Je crois que ce qui fait mal aussi, c'est que je suis jalouse de sa nouvelle Apolline. Pour avoir connu Maurice dans ses périodes amoureuses, c'est un bonheur : petites attentions, tendresse, surprises (genre tu rentres d'une journée de 10h de boulot, il t'attends chez toi tout nu sous un tablier en train de cuisiner), il met des mots sur ses sentiments, te dit à quel point tes caresses l'électrisent, ses caressent t'électrisent aussi, chaque nuit est exceptionnelle...
     Me dire que je vivais tout ça il y a une semaine, et que là c'est fini, c'est déjà inacceptable. Mais alors, me dire que c'est une autre qui récolte tout cet amour, ça m'arrache encore plus le cœur. L'impression qu'on m'a arraché un bras à main nu, et qu'on me dise de continuer de vivre comme ça, comme si de rien n'était, en oubliant que j'avais un autre bras un jour, et en oubliant la plaie béante.

     Je ne peux m'empêcher de m'imaginer les moments qu'ils passent ensemble. Et en plus, sans vouloir faire dans le cliché, elle a quand même quelques années de moins que lui (il a 28 ans, comme moi, et Apolline 21...), j'imagine qu'il pourra faire un peu ce qu'il veut d'elle.

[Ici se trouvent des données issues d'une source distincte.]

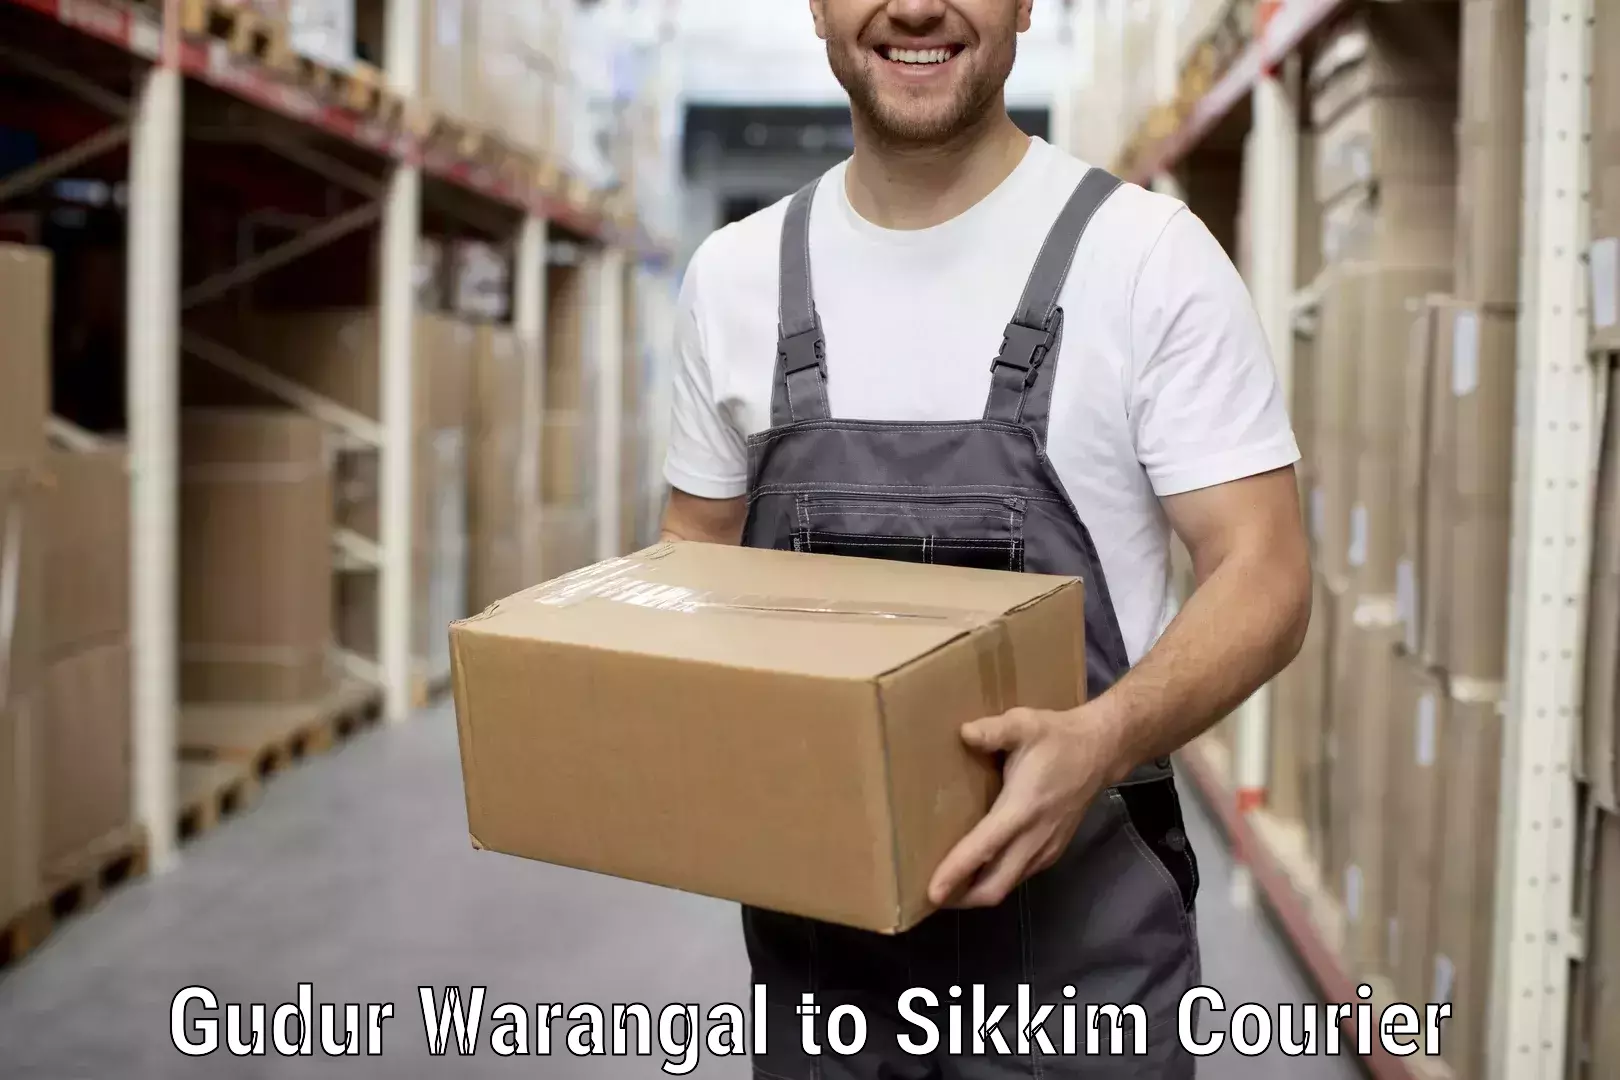 Efficient moving company Gudur Warangal to Pelling

C'est à dire qu'il est tellement extraordinaire qu'on lui passe beaucoup de chose (comme je l'ai fait pendant des années, comme Georgette l'a fait pendant des années), donc, s'il n'appelle pas souvent, ou ne décroche pas toujours son téléphone, s'il disparaît pendant une semaine, je suis sûre que la nouvelle Apolline ne dira rien et prendra son mal en patience, tellement heureuse et comblée des moments passée avec Maurice.
     Je me rends compte que je parle d'elle comme si elle réagissait exactement comme moi. En effet, ça ne sera pas forcement le cas, je n'en sais rien. Mais j'imagine que son jeune âge la rend plus malléable. Je me souviens qu'à 21 ans, je sortais à peine de l'œuf, et je courrais tellement après l'amour que j'aurais accepté à peu près n'importe quoi...
     Et puis, il y a aussi l'autre hypothèse, non moins réjouissante, c'est que l'amour donne des ailes à Maurice et qu'il change : qu'il devienne le genre de mecs à envoyer plusieurs textos par jour, qu'il prévoit des choses plus de 48h à l'avance, bref, qu'il se stabilise. Et ça, ça me rend encore plus malade. Parce que pour moi, ça voudrait dire que c'est elle "la bonne", et que moi je n'était qu'une amourette en attendant. Que là, il a compris le vrai sens de l'amour et qu'il va changer du tout au tout; tout en restant lui même (oui, c'est complexe, mais sinon, ça n'a plus d'intérêt).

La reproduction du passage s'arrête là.